Being around my grandmother and in the center of all this old made me think about life. How we go from infancy to adulthood to only return back to infancy. Again and again this cycle replayed itself in my head. Slumped over, old, achy with everything we did, and everyone we know, dead.

My grandmother's entire family is dead. At 96 she is the only one left alive. Her children now bear the responsibility of carrying the memories of her life. It seems impossible, unimaginable that I'll be there too one day. A place in life where all your artifacts, friends and family are gone. Memories become the only thing that validate your existence. My grandmother was incredibly well liked during her life, she knew so many people, but at her funeral there will only be a handful. My grandfather died nearly 30 years ago. More years than I'm alive now. This person, this love of hers, has been gone for nearly a lifetime.

This immediately made me think of my own life. What I have, don't have, what I've done, what I haven't. My heart suddenly grasped at the desire for a boyfriend, a husband. My confident independence no longer seemed like an asset. I craved somebody. Somebody to share this existence with, someone whose existence will be shared by mine. It's what we do now that matters because in the end we're all liable to be sitting in wheel chairs, throwing weighted balls at a target on the floor, just as a means to pass the time until our heart stops beating and our eyes no longer open. I thought about the stories I haven't written. The video projects I've left incomplete. The loves I've had and had not. I thought about the stresses in our lives, the achievements and for a moment it all seemed worthless and pathetic.

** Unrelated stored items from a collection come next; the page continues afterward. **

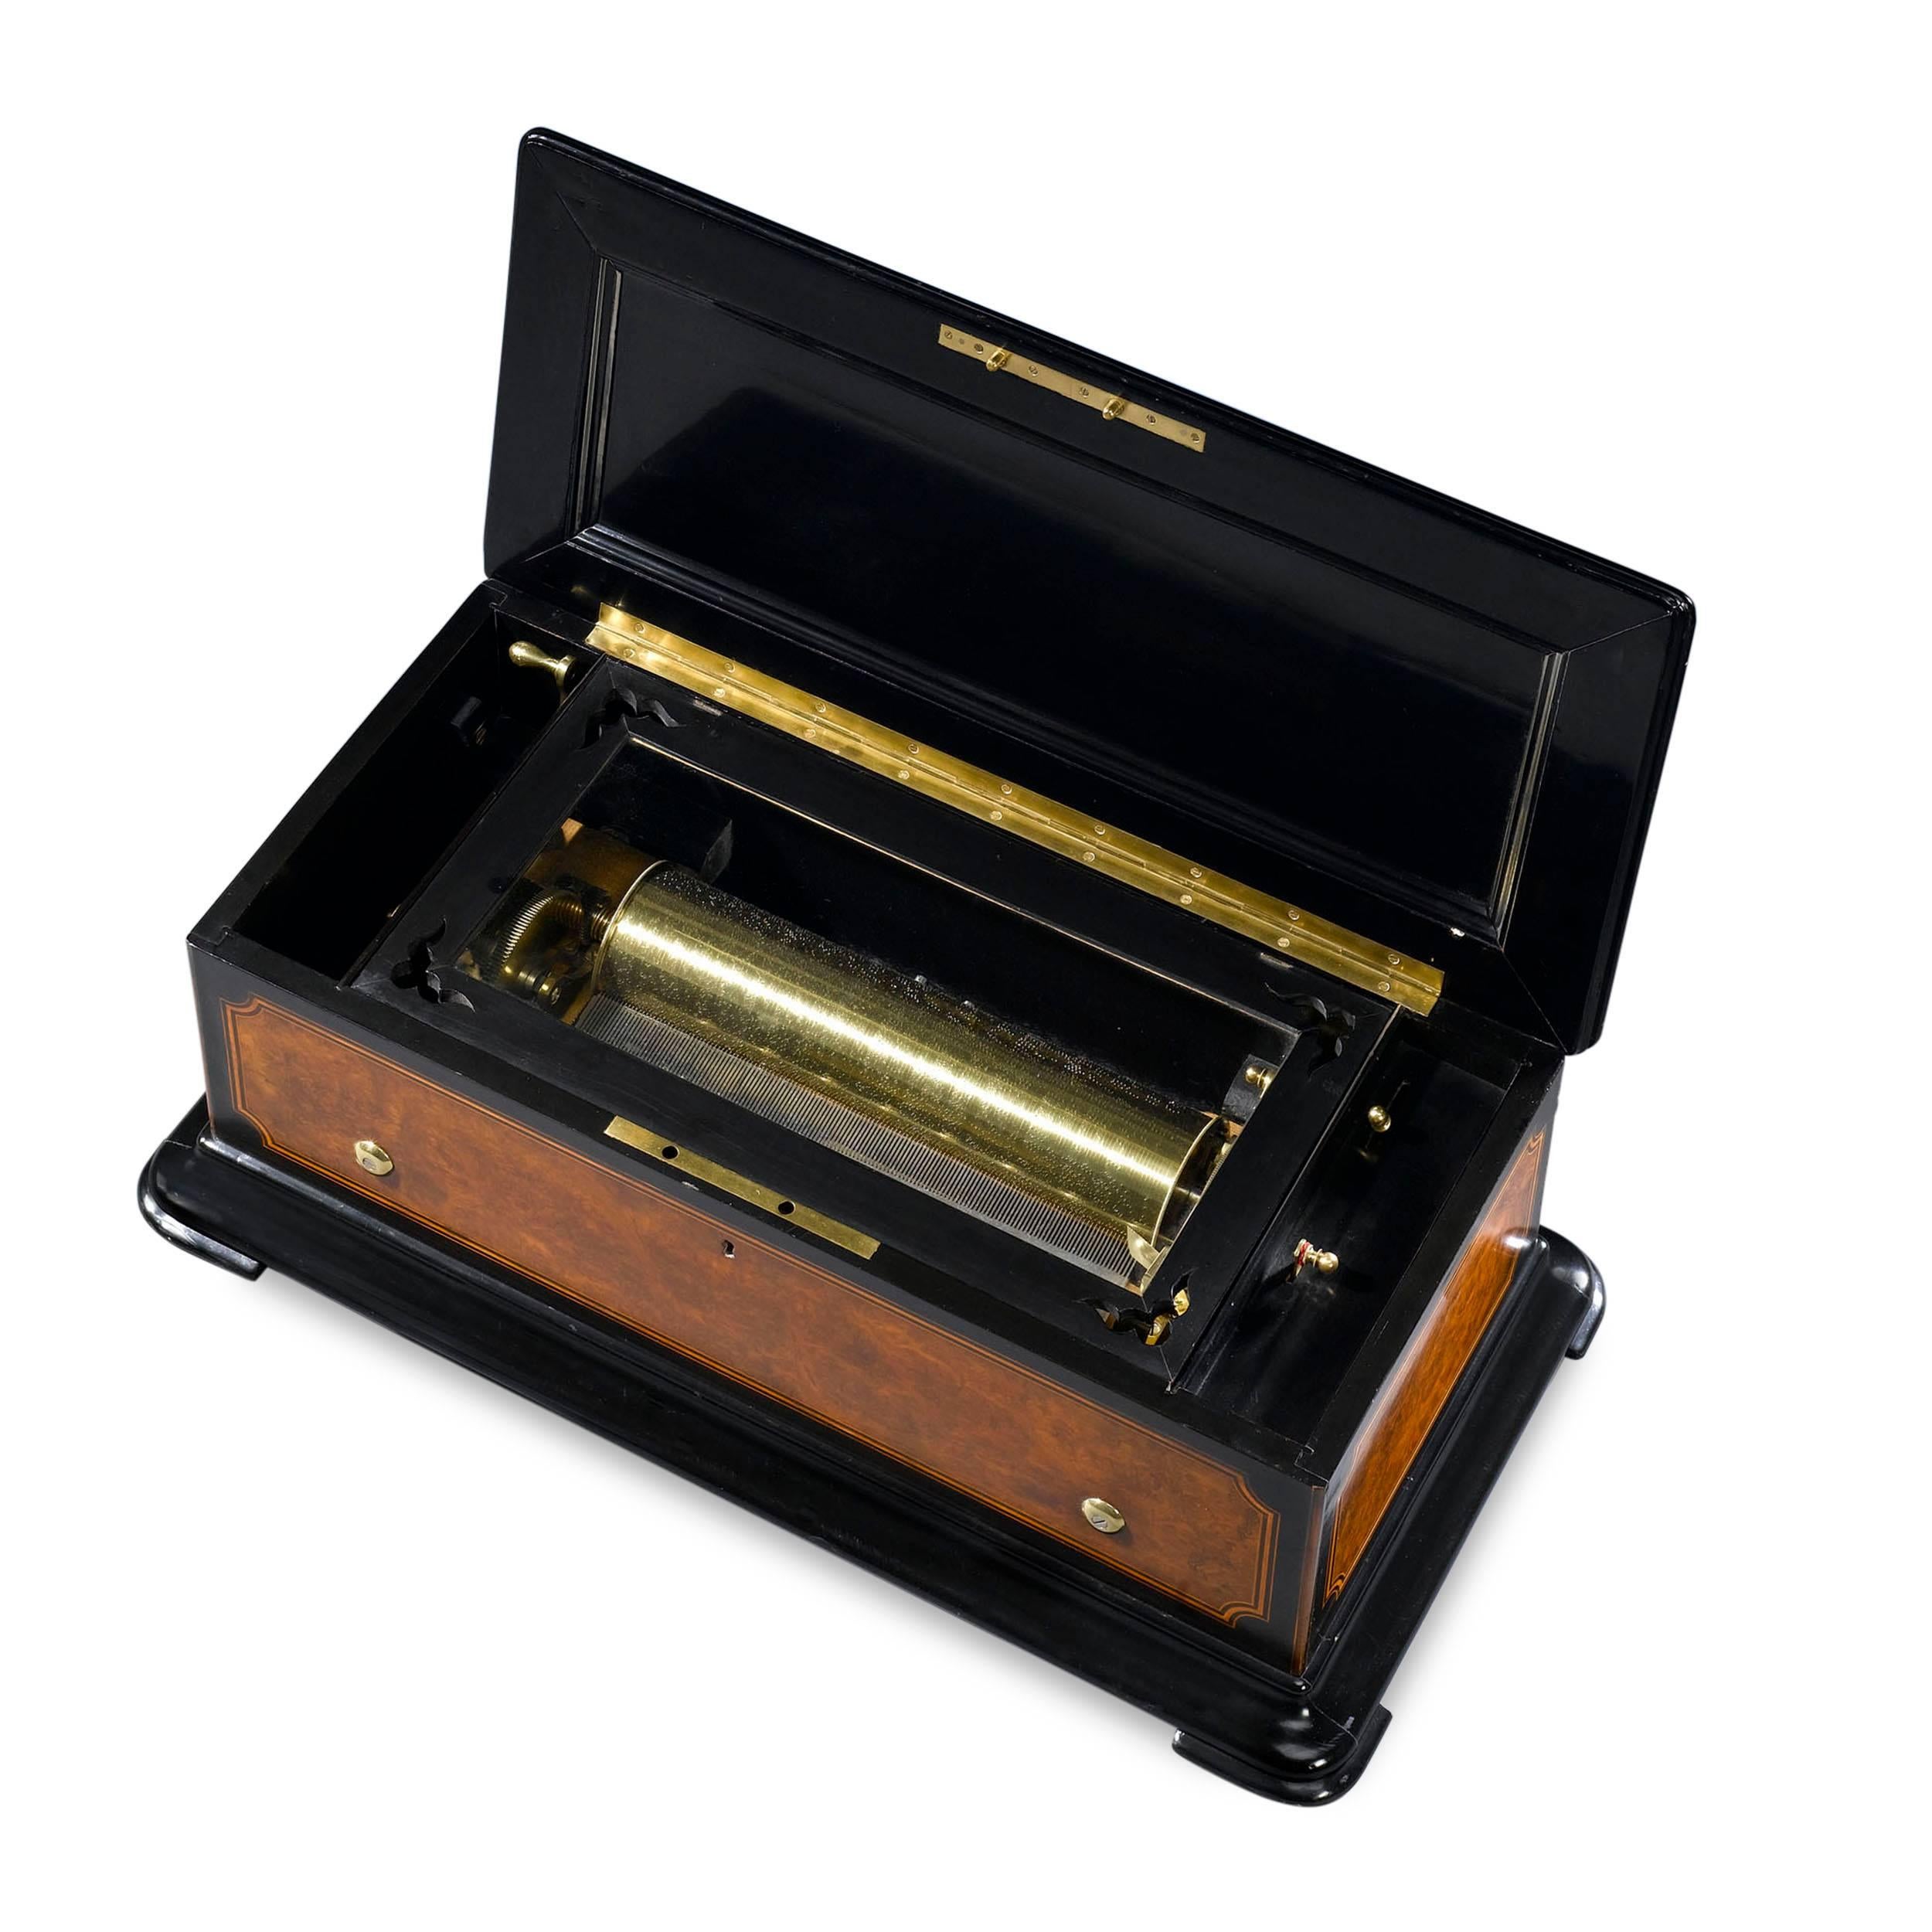 This music box manufactured by Brémond, one of the most respected and talented makers of the era, demonstrates not just beauty and technical excellence, but sheer musical mastery. The outer case boasts a burr-walnut veneer with ebony borders and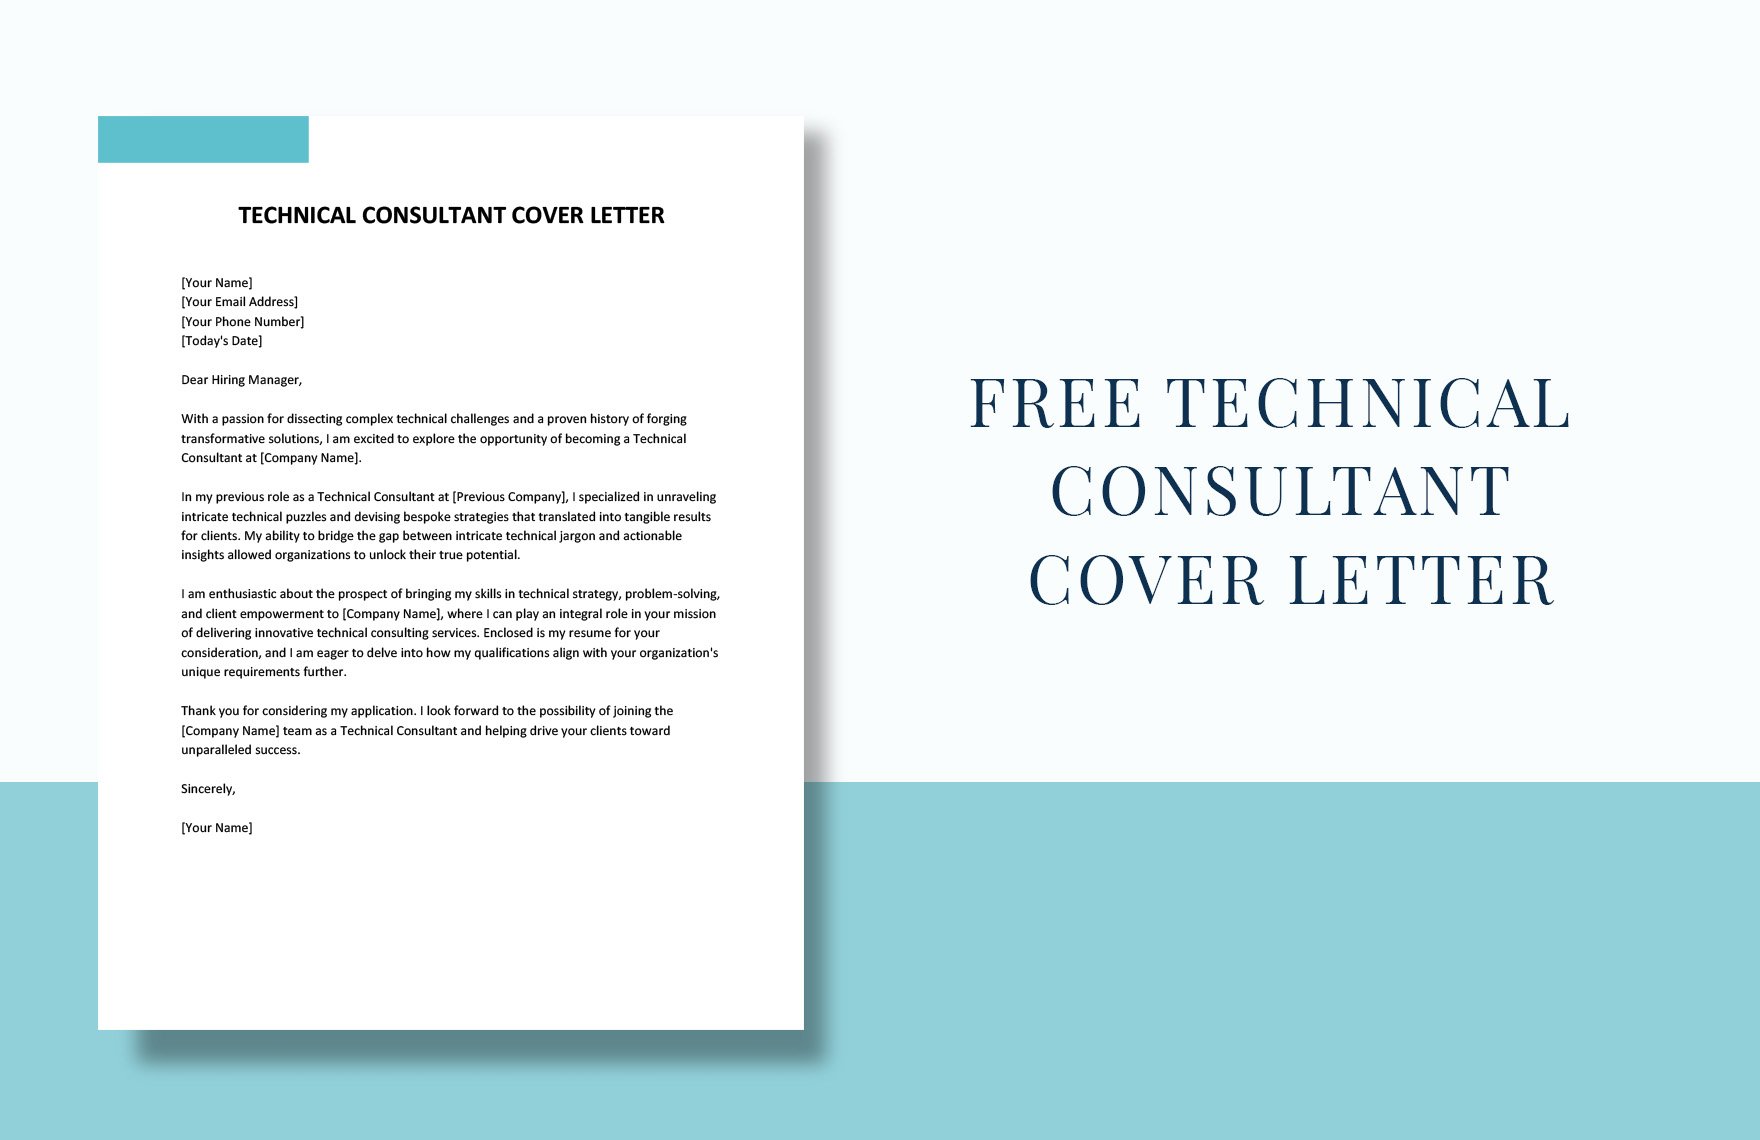 Technical Consultant Cover Letter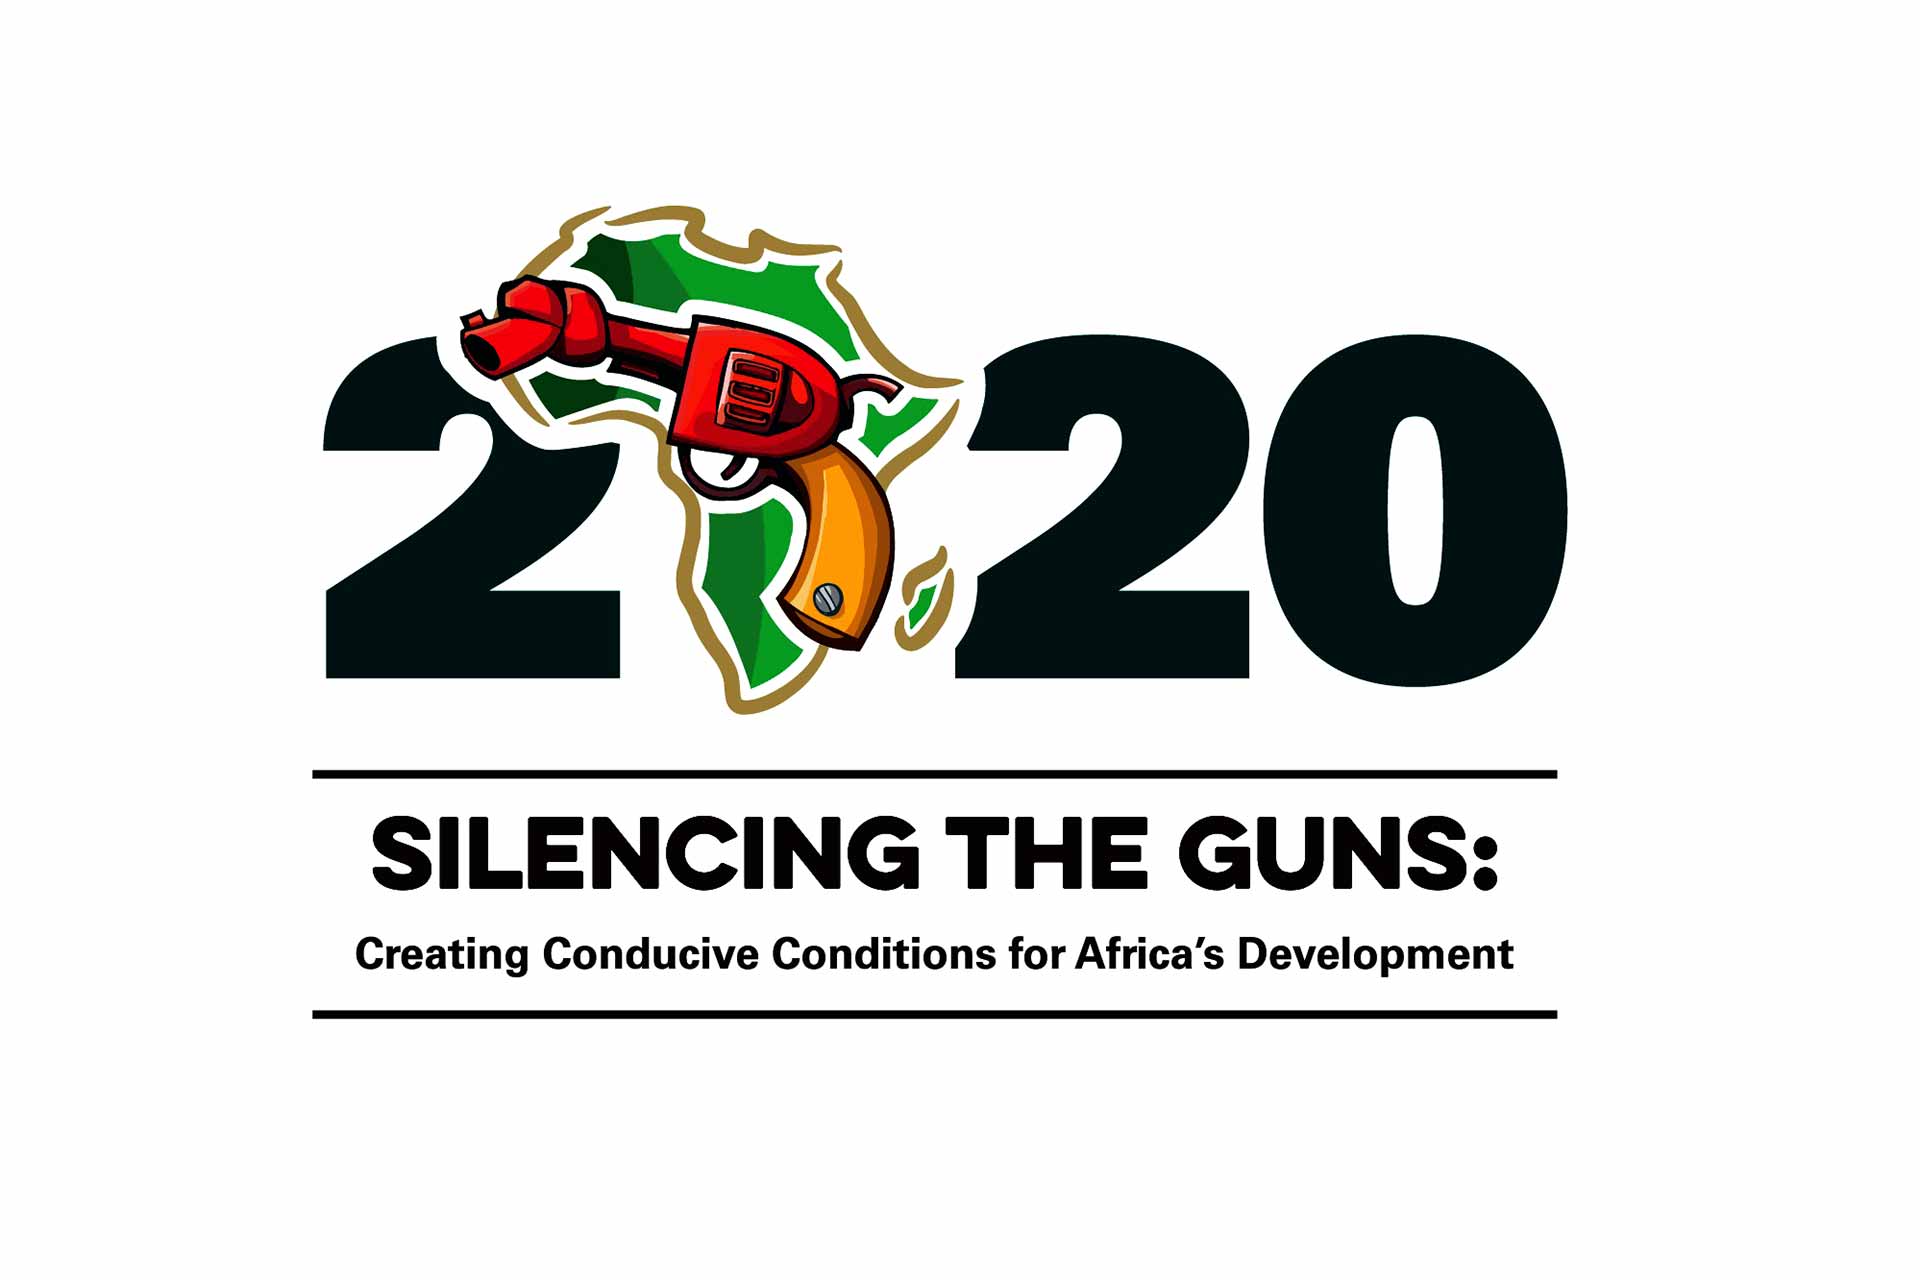 African Union - Silencing the guns in Africa

It's not like we have any other option. We must live. We must complete this cycle. Having a boyfriend or a husband isn't the benchmark of our lives, it is neither a success nor failure whether we fulfill that societal norm or not. The same goes for completing that project or getting to that level of success but to try is to live, and to play the game is to experience and when all is said and done and the decades of my life flash by like chapters in a book, I'll know what is written on those pages and those pages will be what I know of life.